Соответственно, и оценки феномена войны в истории мысли чрезвычайно разнятся, от утверждения ее естественности[6] до требований о необходимости ее полной и безоговорочной отмены[7].

Хотя абсолютно оправдан скепсис по отношению к таким причудливым феноменам политики конца XX — начала XXI века как «война за мир» или «гуманитарные бомбардировки», важно то, что современный уровень развития человечества впервые за всю историю сумел хотя бы номинально поставить принципы ненасилия в основу межгосударственных отношений.

Однако современное международное право, в том числе военное, возникло далеко не на пустом месте: уже со времен государств древнего мира начинается поиск критериев, отделяющих приемлемые акции вооруженного насилия от неприемлемых. Возможно, первоначально этот поиск нес вполне практическую задачу: царь или военачальник должен был объяснить своим воинам, за что они должны сражаться и рисковать жизнями в наступающем сражении.
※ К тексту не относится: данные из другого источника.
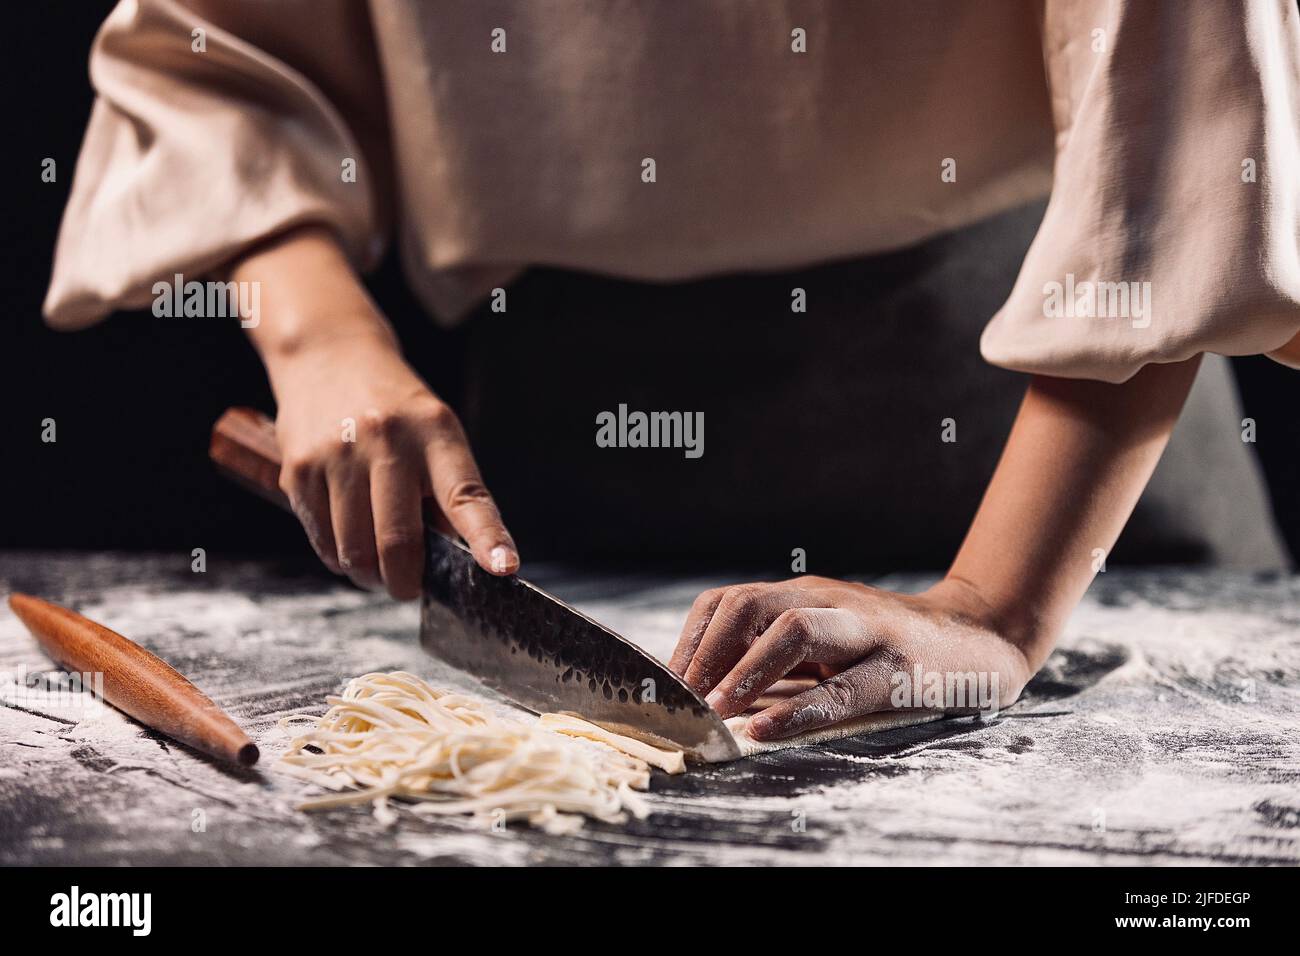 Cuchillo de cocina chino foto de archivo. Imagen de madera - 11947360

В дальнейшем круг подобных вопросов заметно вырос. Может ли народ, оказавшийся перед угрозой голода, захватить кусок земли, принадлежащий другому? Оправдано ли вооруженное вторжение извне для наказания тирана? Может ли государь одной страны помочь своему коллеге-соседу подавить восстание «черни», грозящее погрузить весь регион в хаос и насилие? Может ли, наконец, кто-то взять в руки оружие для защиты от преследований своих единоверцев и как относится к идее о богоугодности такого конфликта? Ответы на эти вопросы занимают человечество уже много тысяч лет.

Ханна Арендт полагает, что традиция оправдывать войны восходит к политическим концепциям Древней Греции[8], однако более убедительной представляется нам мысль о гораздо более древнем ее начале. Торкильд Якобсен вполне справедливо отмечает, что подобные концепции появились еще в цивилизации Шумера, на две тысячи лет ранее. Причем побудительным стимулом к формированию концепта справедливой (а значит, и оправданной) войны стала идея о подчиненности всего сущего единому закону и суду.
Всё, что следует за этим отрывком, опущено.